In November 2007, we announced a program to repurchase up to 5% (138,772 shares) of our outstanding common stock. In February 2009, we expanded the repurchase program by 100,000 additional shares, authorizing a total repurchase program of 238,772 shares. Pursuant to this program during the first nine months of fiscal 2009, we repurchased 46,520 shares of our outstanding common stock at a total cost of $484,000 or an average cost per share of $10.40. Our total stock repurchases from November 2007 through June 2009 were 110,781 shares at a total cost of $1.2 million or an average cost per share of $11.11. We intend to continue to repurchase our stock from time to time in the open market or in private transactions, depending on market and Company conditions. Considering prior purchases, we are authorized to repurchase an additional 127,991 shares under the program.

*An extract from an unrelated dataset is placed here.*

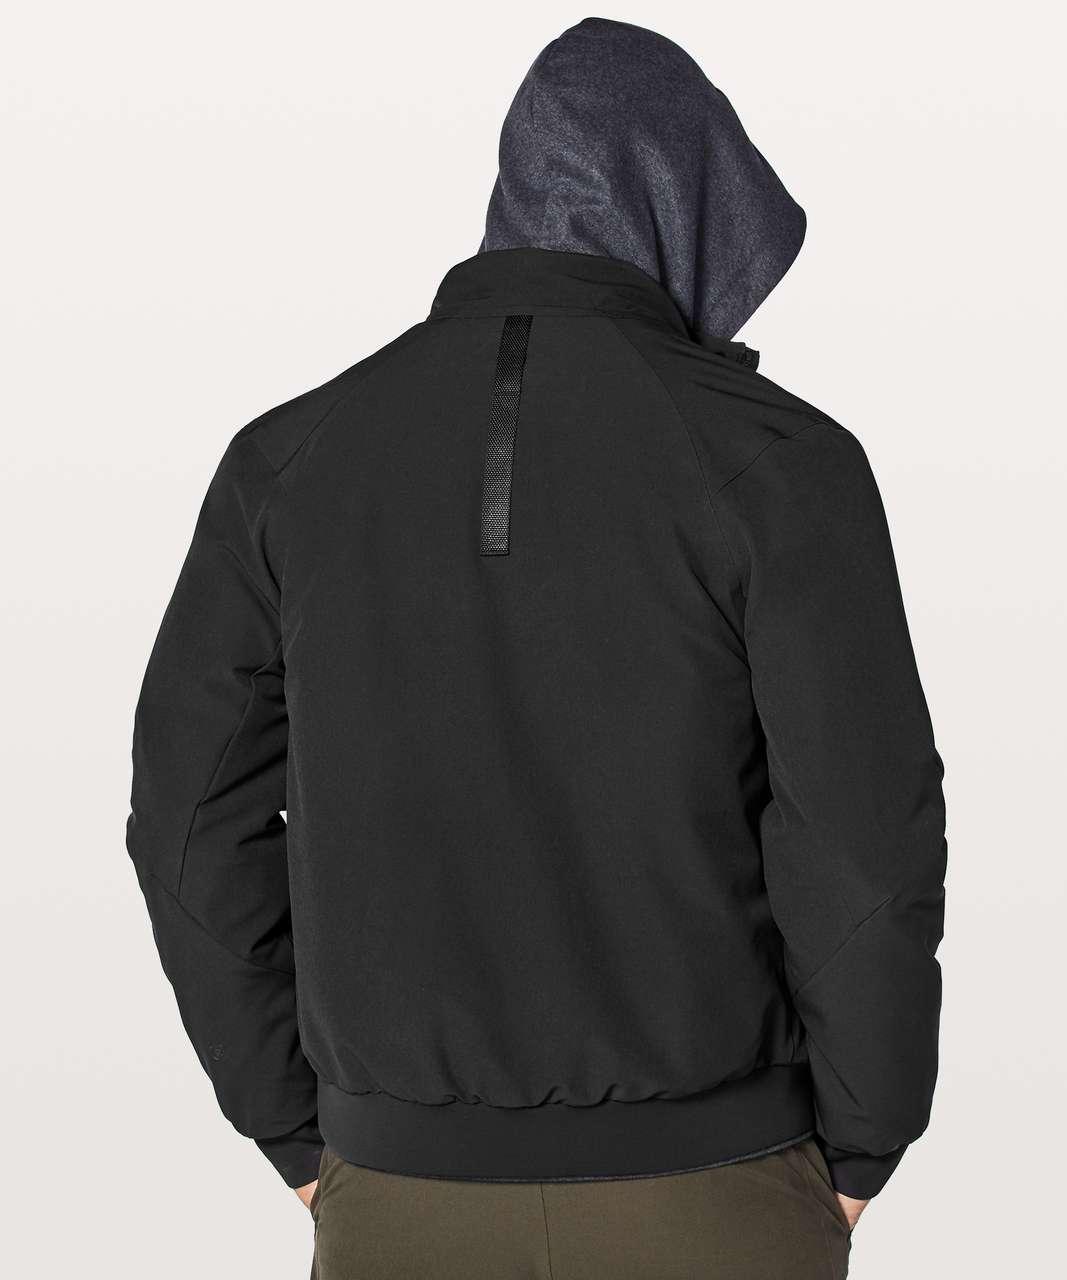 Lululemon lululemon x Roden Gray Bomber Jacket - Black

The stock repurchase program, however, may be suspended or discontinued at any time.
We believe that funds on hand, funds generated from operations and funds available under our revolving credit facility are adequate to finance operations and expected capital requirements during fiscal 2009 and for the foreseeable future.
OFF-BALANCE SHEET ARRANGEMENTS
We do not have any off-balance sheet arrangements.
IMPACT OF INFLATION
Based on current conditions in the markets for our primary raw materials, we do not expect inflation to be a significant factor for our operations for the remainder of fiscal 2009. The cost of polyurethane foam, our primary raw material, is indirectly influenced by oil prices. However, other market factors also affect foam prices, including the available supply of component chemicals, demand for related products from domestic and international manufacturers, competition among domestic suppliers, and our purchase volumes. We have experienced price decreases in several of our raw materials during the first nine months of fiscal 2009. We expect no further price decreases and believe that raw material prices could increase if oil prices rise significantly. In addition, we have received requests from customers to decrease our sales prices in response to lower raw material costs. It is therefore difficult to predict the impact that possible future raw material cost changes might have on our profitability. The effect of any deflation in raw material costs will depend on the extent to which we have to lower selling prices of our products to respond to sales price competition in the market. However, based on recent increases in oil prices and information from our primary foam suppliers, we believe that foam raw material prices could increase in the fall. We currently expect that neither inflation nor deflation will have a significant impact on our operations for the remainder of fiscal 2009.